Frequently Asked Questions
Is this Vietnamese recipe healthy?
Yes, this Vietnamese plant-based recipe is exceptionally healthy. It’s 100% vegan and organic, packed with anti-inflammatory ingredients like turmeric, galangal, and lemongrass. With only 385 calories, 28g of healthy fats from coconut, and 7g of fiber per serving, it supports heart health, digestion, and sustained energy without any processed ingredients or animal products.
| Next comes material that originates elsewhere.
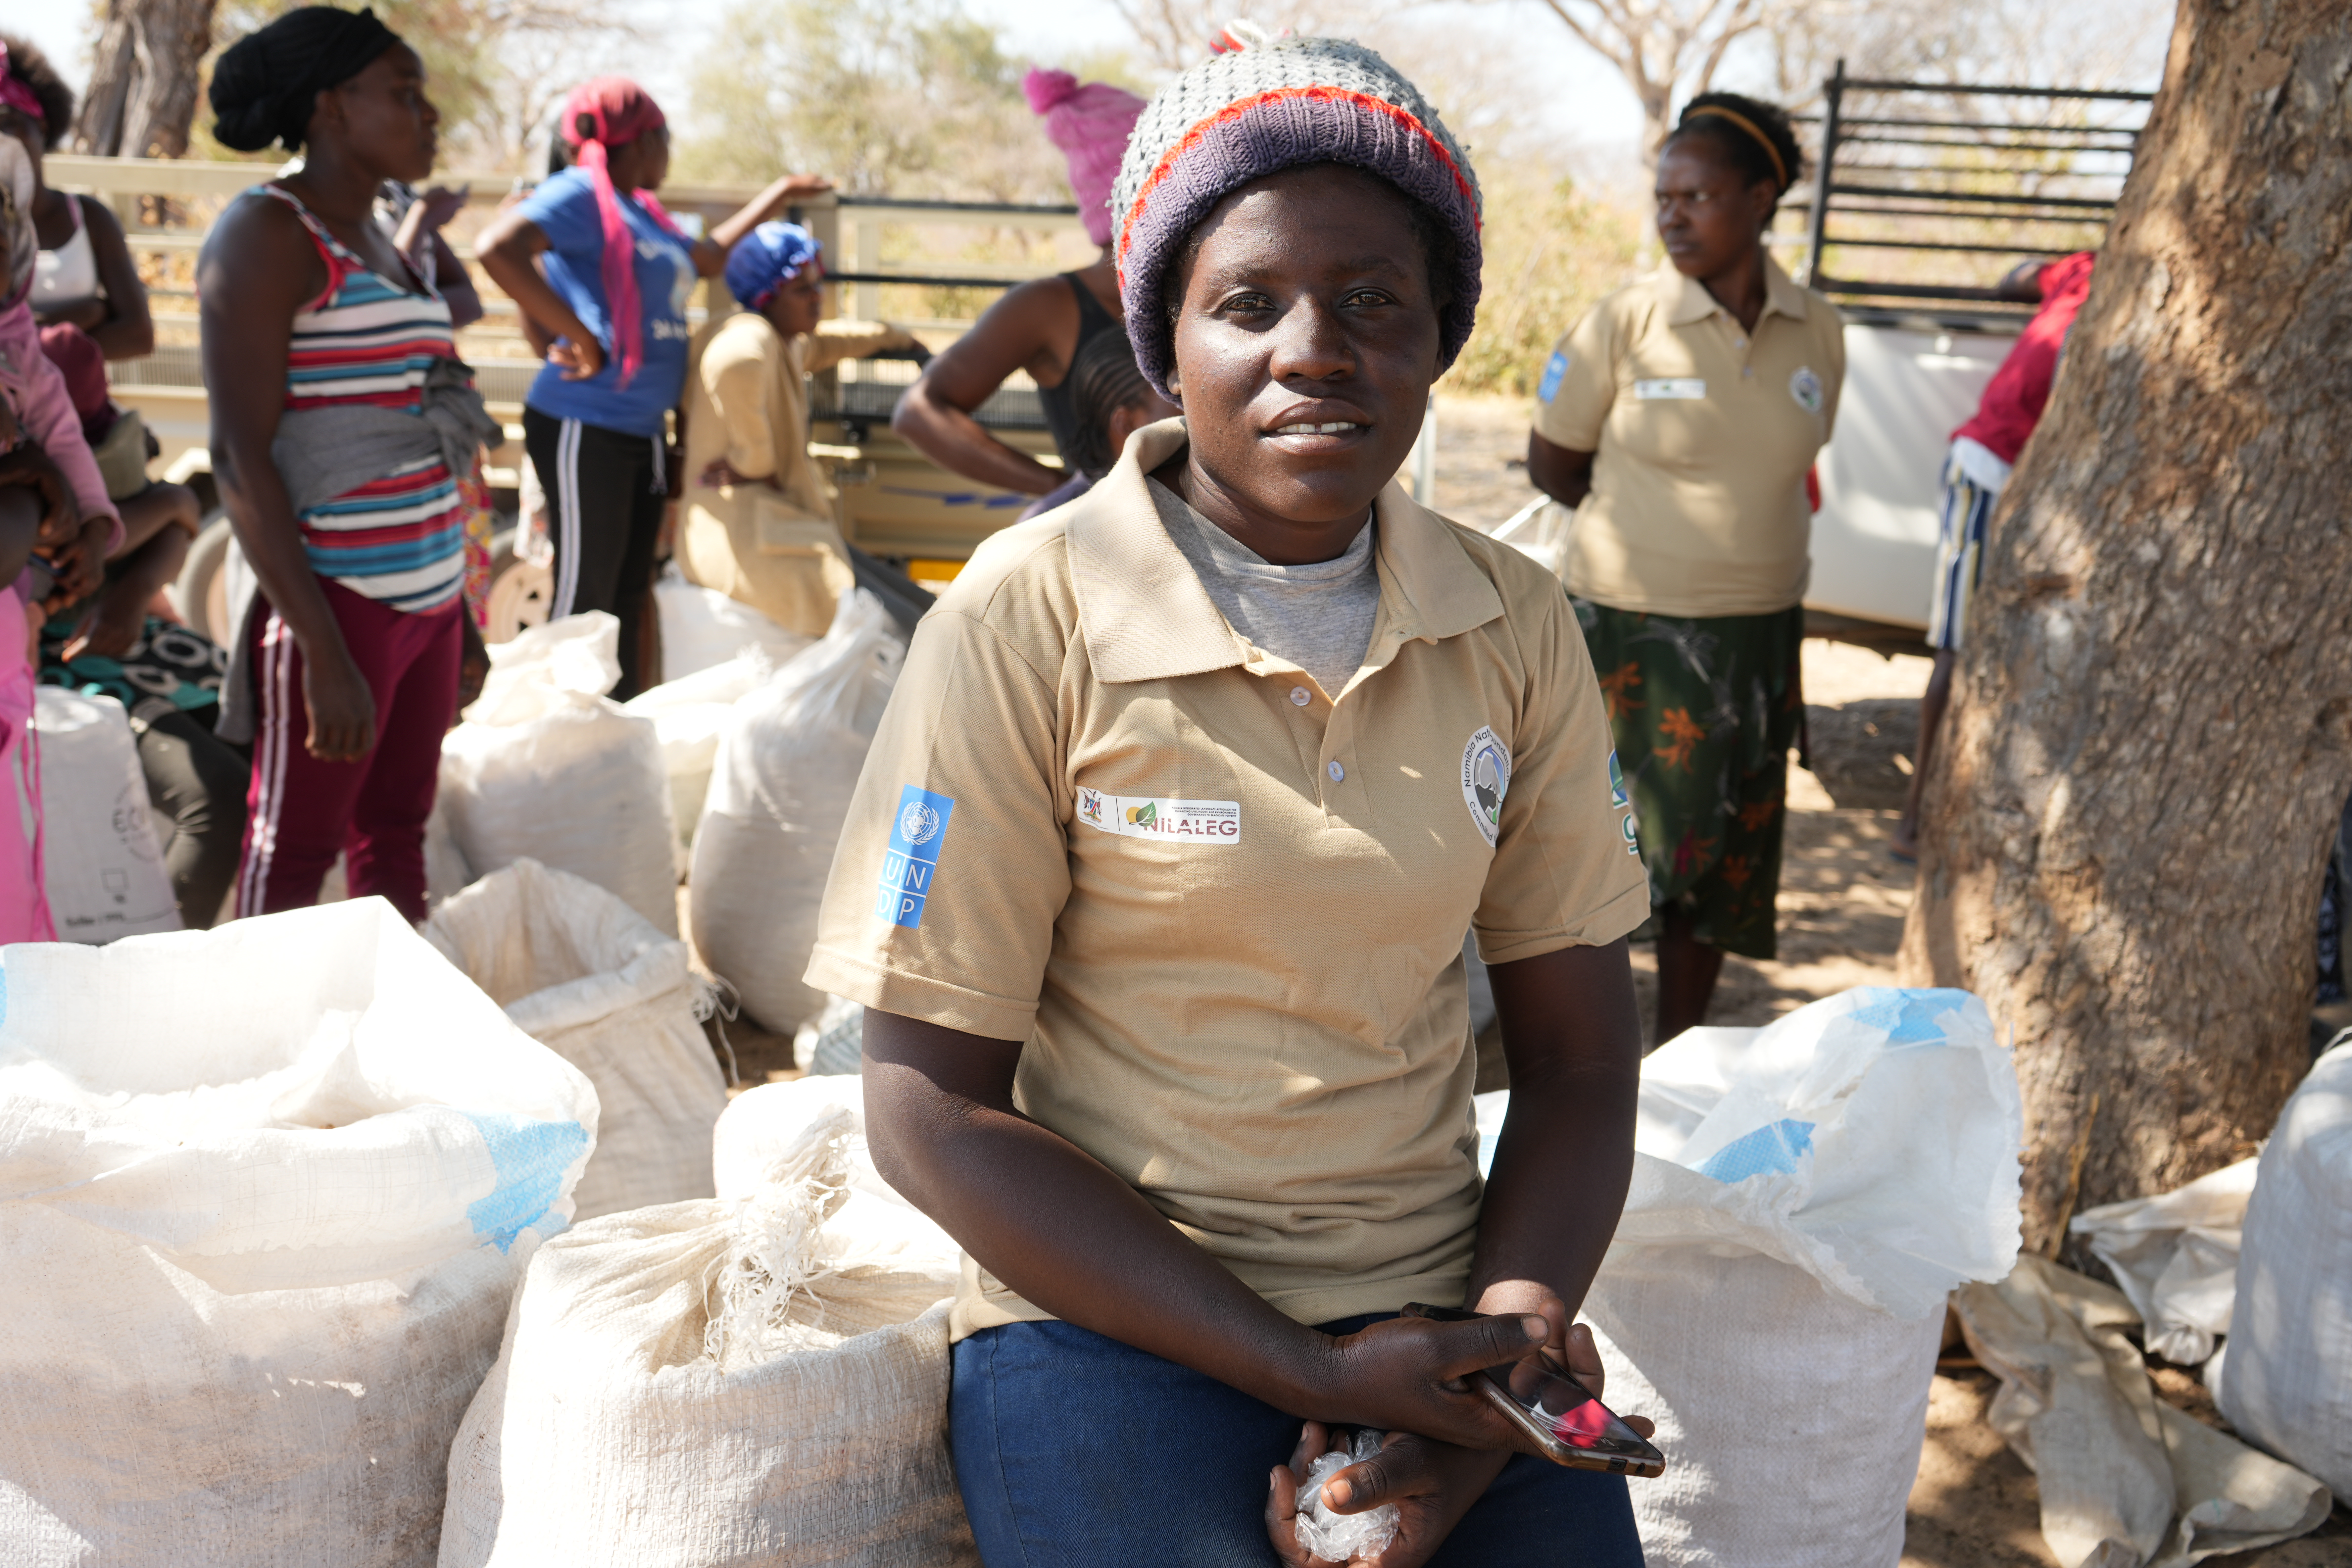 Tresia after submitting her harvest to the buyer, waiting for her income. Photo: UNDP Namibia/Frieda Lukas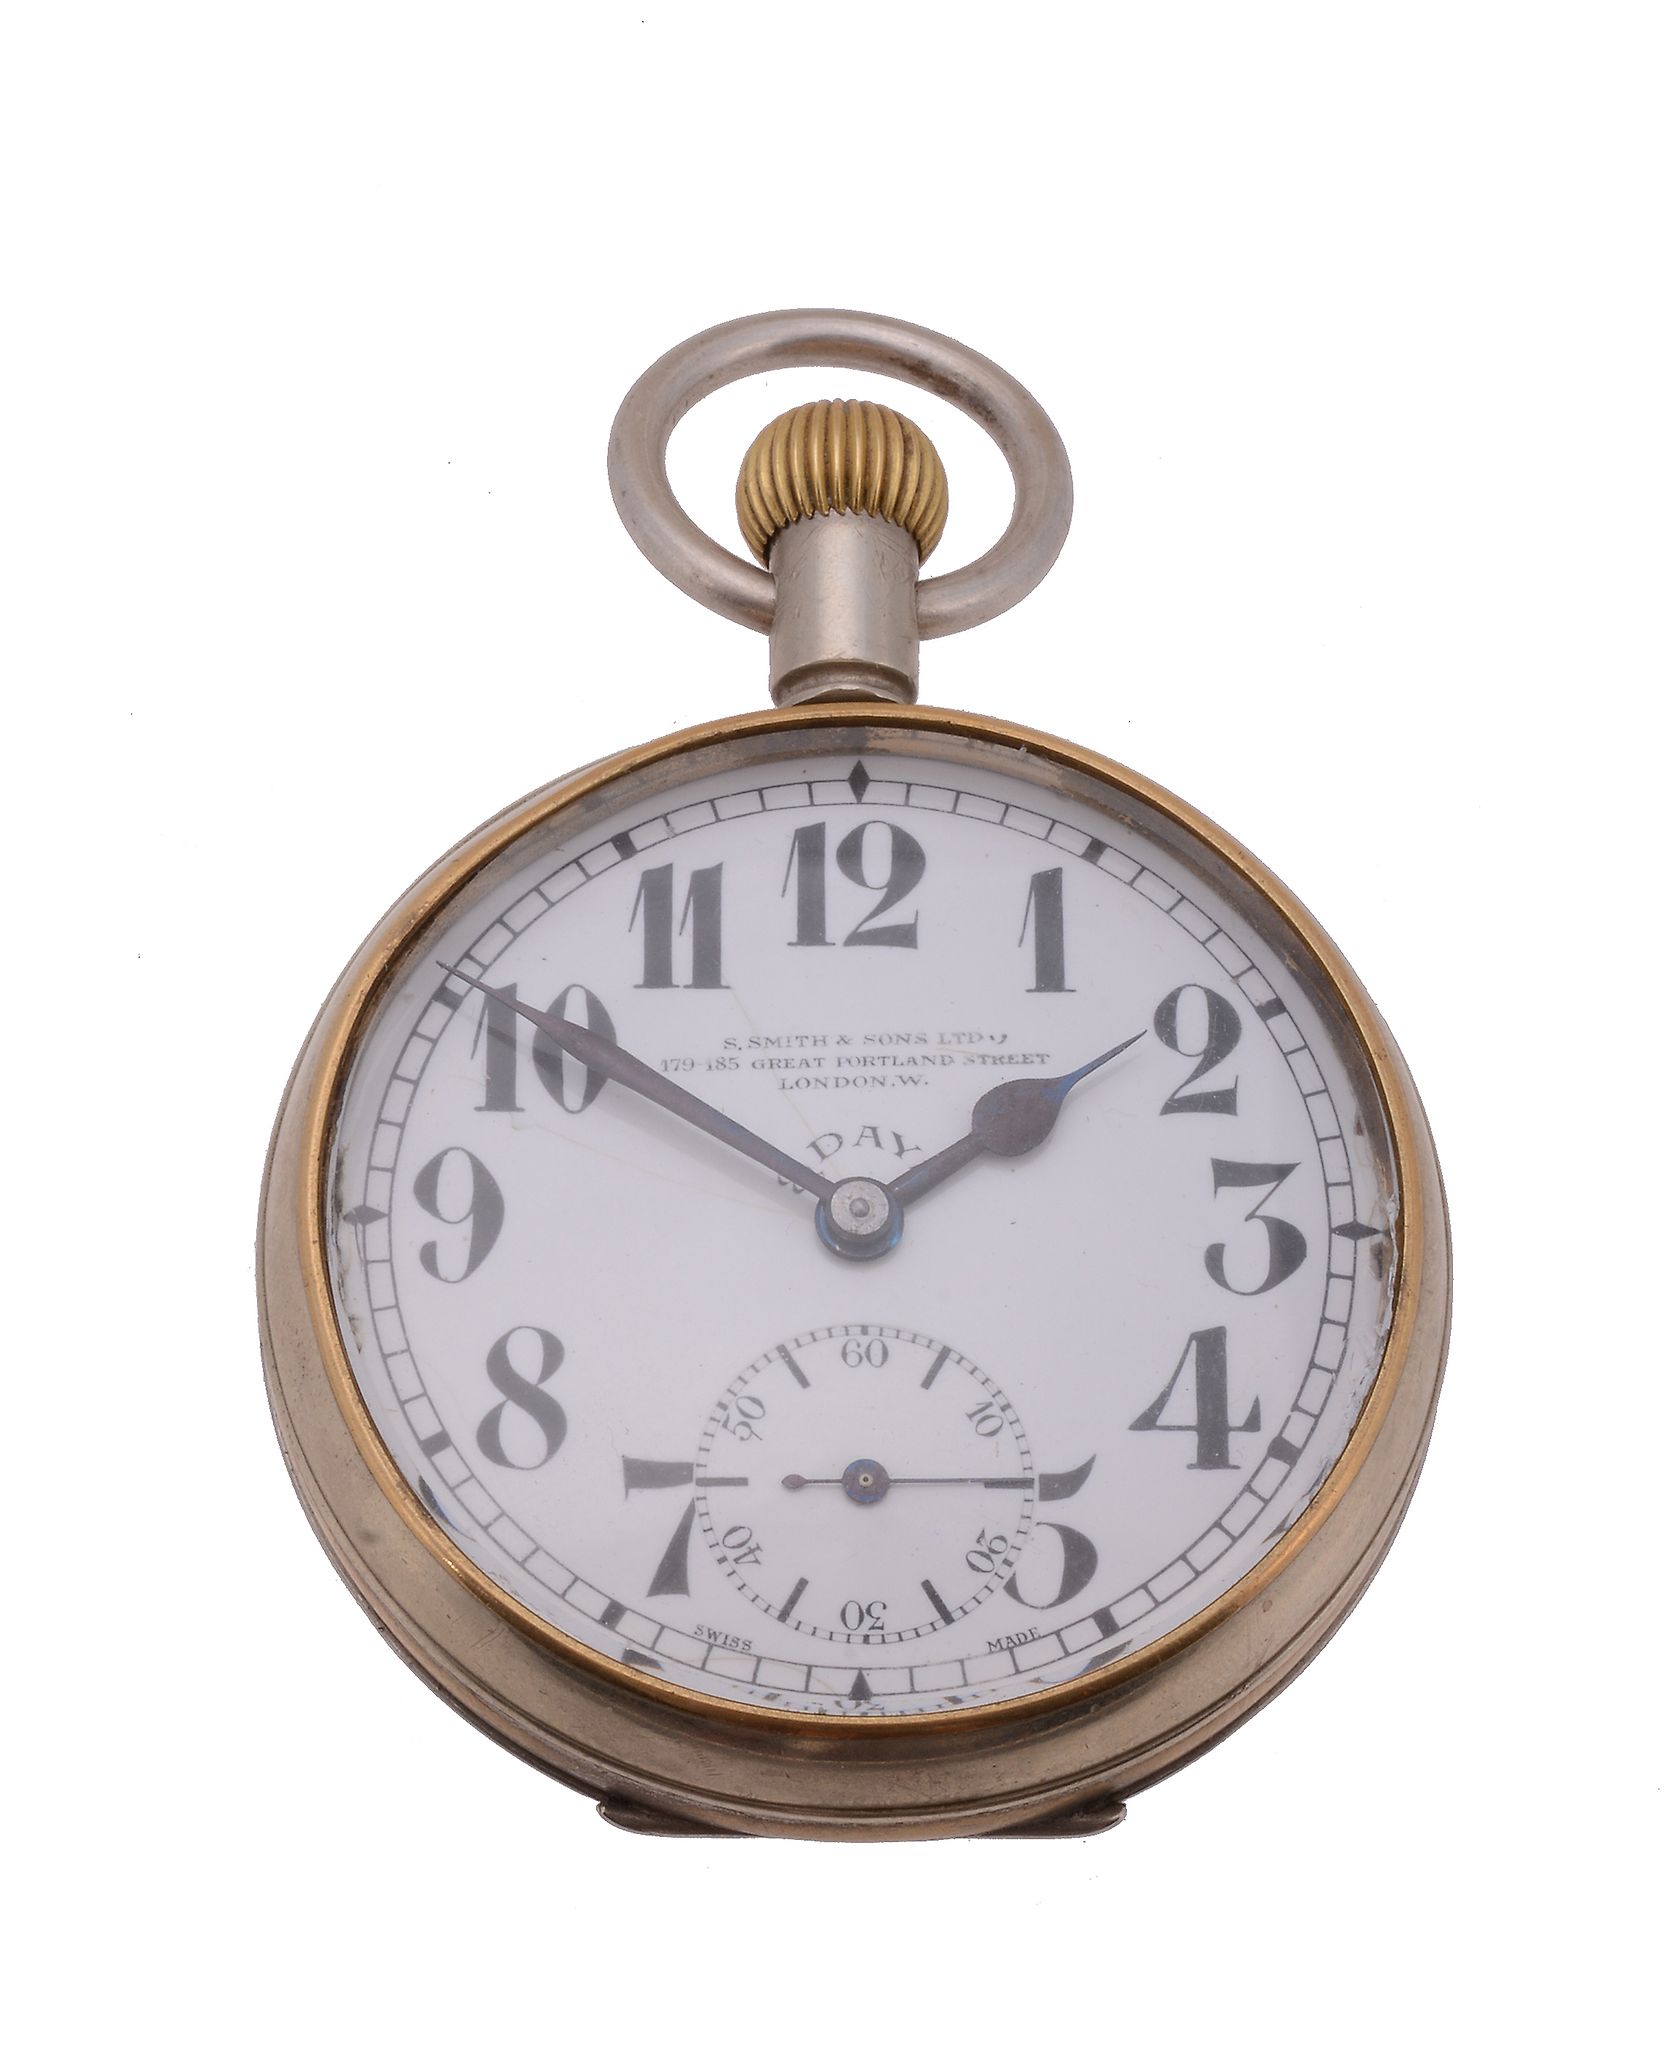 S. Smith & Sons Ltd., a nickel and brass open face 8 day military pocket watch, no. 143278, circa

Can I meal prep this Vietnamese curry?
Absolutely. This Vietnamese plant-based recipe is ideal for meal prep. Make the curry paste on Sunday (stores 1 week refrigerated, 3 months frozen), then cook the full curry mid-week. The dish keeps 4 days refrigerated and actually improves in flavor as it sits. Pack with rice or noodles in separate containers, and add fresh herbs and crispy shallots just before eating to maintain texture.
What are the health benefits of this plant-based Vietnamese curry?
This recipe offers multiple health benefits rooted in traditional Southeast Asian medicine. Lemongrass aids digestion and reduces bloating, galangal has potent anti-inflammatory properties comparable to ginger, and turmeric contains curcumin for joint health. The coconut milk provides healthy MCT fats that support brain function, while the diverse vegetables deliver essential vitamins, minerals, and gut-friendly prebiotic fiber. It’s naturally gluten-free, dairy-free, and cholesterol-free.